Content starts
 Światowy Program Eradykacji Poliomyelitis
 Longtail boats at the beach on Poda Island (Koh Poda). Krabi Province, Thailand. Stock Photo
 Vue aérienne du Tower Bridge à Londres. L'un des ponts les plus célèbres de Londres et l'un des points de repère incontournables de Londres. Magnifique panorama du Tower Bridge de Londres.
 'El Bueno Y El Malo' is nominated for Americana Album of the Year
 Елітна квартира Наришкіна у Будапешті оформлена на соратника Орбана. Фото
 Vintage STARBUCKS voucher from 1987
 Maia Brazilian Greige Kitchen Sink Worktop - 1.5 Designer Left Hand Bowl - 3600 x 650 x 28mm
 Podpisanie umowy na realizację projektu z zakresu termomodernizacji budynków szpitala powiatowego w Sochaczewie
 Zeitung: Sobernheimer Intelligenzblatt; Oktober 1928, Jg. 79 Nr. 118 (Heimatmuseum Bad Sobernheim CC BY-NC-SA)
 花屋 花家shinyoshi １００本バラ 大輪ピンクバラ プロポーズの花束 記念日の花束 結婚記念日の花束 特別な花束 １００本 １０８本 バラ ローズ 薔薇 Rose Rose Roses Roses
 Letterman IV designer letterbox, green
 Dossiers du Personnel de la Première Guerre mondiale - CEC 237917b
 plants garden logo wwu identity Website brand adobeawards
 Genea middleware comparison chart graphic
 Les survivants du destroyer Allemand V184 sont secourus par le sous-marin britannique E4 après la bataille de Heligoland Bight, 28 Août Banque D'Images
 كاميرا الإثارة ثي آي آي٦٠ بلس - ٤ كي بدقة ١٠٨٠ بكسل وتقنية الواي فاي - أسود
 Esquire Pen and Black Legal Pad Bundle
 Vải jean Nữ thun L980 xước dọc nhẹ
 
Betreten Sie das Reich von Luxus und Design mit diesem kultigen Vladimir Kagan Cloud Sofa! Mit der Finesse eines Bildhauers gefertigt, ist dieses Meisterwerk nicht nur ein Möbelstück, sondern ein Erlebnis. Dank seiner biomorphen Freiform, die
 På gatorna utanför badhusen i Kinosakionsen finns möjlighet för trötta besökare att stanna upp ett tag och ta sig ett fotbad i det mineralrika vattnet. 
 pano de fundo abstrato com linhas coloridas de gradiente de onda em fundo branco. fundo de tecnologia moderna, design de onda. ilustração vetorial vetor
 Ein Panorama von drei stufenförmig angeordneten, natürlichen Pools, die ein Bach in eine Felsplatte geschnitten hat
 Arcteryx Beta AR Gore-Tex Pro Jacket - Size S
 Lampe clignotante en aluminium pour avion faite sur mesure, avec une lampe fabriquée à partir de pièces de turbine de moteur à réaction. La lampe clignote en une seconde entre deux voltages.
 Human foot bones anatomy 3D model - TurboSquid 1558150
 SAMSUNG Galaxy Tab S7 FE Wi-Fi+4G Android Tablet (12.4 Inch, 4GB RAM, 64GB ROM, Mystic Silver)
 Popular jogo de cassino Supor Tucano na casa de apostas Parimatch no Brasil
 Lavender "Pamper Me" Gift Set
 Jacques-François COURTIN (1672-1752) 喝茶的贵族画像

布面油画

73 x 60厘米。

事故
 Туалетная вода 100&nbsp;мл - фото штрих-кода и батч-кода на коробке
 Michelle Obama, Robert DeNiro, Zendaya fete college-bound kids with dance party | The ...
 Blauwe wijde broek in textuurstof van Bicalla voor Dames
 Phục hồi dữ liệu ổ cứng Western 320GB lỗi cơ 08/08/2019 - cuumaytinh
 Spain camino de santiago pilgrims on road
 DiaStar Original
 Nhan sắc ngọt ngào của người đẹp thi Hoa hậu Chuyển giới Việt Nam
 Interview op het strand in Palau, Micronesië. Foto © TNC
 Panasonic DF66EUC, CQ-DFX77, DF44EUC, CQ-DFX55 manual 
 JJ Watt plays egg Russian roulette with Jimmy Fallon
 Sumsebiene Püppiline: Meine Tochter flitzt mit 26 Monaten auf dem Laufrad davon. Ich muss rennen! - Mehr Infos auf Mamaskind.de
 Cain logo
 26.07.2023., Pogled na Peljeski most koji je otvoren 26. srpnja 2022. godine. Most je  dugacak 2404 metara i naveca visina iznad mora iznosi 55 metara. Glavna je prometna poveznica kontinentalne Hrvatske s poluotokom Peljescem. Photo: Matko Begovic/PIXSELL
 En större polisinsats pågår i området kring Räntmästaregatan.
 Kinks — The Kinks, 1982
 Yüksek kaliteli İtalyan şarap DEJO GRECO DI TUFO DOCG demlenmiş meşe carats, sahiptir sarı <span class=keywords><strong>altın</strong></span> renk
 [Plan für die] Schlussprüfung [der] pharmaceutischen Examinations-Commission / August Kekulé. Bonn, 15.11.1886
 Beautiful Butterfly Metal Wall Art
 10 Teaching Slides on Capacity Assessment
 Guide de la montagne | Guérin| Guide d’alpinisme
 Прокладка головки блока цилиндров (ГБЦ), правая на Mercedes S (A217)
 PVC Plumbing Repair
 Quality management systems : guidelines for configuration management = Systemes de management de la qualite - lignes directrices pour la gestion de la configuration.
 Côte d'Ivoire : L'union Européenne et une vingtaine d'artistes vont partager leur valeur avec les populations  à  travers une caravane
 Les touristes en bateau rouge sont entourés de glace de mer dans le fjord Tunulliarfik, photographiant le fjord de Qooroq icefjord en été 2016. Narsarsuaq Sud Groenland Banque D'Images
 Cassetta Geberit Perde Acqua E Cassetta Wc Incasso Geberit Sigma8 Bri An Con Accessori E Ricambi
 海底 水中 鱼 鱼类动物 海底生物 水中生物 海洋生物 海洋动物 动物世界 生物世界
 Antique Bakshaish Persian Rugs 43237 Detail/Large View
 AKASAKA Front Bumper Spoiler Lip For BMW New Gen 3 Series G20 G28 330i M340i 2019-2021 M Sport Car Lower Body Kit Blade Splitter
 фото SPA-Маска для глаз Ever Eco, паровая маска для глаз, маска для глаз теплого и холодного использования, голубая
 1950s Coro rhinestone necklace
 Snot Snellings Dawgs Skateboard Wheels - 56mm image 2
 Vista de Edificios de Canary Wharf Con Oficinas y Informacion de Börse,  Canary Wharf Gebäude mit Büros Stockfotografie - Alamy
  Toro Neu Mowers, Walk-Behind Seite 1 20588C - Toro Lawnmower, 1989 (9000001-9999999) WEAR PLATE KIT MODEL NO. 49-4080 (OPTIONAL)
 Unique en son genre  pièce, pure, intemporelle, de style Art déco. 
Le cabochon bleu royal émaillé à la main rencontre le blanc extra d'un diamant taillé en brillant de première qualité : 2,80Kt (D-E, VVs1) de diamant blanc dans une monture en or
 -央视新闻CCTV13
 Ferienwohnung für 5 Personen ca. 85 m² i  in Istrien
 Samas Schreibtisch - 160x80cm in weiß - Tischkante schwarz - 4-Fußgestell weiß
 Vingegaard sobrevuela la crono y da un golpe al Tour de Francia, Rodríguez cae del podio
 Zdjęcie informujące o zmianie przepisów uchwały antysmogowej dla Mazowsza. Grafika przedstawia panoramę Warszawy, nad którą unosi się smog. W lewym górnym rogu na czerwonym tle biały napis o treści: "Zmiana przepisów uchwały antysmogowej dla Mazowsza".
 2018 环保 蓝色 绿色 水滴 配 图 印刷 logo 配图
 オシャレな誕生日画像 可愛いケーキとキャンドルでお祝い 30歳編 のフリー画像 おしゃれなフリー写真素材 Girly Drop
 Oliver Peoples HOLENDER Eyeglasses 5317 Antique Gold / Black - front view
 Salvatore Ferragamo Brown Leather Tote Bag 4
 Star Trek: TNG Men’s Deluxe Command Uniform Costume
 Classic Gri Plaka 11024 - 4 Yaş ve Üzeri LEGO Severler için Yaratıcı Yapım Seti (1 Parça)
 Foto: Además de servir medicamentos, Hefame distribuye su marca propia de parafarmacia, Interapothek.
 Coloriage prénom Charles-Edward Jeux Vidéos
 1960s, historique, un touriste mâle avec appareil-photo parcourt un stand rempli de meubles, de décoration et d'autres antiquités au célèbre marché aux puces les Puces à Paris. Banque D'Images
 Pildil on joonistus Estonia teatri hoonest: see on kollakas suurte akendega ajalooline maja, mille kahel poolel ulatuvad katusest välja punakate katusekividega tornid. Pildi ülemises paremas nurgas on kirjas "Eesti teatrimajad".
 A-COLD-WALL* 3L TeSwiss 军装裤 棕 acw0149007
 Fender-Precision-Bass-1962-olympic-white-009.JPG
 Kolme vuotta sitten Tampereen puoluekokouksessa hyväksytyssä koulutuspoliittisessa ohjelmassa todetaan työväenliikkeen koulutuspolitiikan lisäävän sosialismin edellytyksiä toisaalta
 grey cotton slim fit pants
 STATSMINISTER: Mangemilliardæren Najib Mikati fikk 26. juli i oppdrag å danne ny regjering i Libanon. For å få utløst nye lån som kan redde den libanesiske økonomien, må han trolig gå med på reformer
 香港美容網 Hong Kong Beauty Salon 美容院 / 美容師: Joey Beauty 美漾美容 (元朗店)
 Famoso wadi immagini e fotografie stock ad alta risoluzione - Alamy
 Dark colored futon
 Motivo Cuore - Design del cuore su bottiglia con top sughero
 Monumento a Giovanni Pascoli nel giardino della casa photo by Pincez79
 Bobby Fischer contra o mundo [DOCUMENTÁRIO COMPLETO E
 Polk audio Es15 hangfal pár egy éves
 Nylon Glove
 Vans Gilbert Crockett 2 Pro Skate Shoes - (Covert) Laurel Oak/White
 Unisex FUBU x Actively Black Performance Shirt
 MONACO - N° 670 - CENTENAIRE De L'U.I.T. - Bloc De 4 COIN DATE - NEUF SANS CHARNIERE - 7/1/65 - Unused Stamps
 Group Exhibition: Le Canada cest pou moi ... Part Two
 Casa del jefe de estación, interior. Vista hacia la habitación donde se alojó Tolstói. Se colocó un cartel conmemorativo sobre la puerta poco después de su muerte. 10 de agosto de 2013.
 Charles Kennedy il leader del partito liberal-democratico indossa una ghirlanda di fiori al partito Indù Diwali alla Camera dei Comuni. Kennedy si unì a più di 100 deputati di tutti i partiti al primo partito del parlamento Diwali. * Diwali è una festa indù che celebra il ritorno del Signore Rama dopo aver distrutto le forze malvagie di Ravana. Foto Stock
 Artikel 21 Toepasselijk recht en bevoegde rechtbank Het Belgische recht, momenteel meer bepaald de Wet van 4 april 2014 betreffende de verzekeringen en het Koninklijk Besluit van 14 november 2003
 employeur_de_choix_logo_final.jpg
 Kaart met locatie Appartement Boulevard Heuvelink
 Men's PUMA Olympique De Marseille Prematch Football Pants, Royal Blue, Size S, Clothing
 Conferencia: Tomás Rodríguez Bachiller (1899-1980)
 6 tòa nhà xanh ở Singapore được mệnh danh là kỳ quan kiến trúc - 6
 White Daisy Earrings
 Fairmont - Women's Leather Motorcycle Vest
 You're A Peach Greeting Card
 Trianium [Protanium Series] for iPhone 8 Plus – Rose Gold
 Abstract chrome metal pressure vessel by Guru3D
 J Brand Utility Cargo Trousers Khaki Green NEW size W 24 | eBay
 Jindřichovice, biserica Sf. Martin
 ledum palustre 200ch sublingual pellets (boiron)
Content ends
→ ACTION ITEM: In the records above, each line with the string "Alamy" should be copied.

→ WRITTEN SOLUTION:
 Vista de Edificios de Canary Wharf Con Oficinas y Informacion de Börse,  Canary Wharf Gebäude mit Büros Stockfotografie - Alamy
 Famoso wadi immagini e fotografie stock ad alta risoluzione - Alamy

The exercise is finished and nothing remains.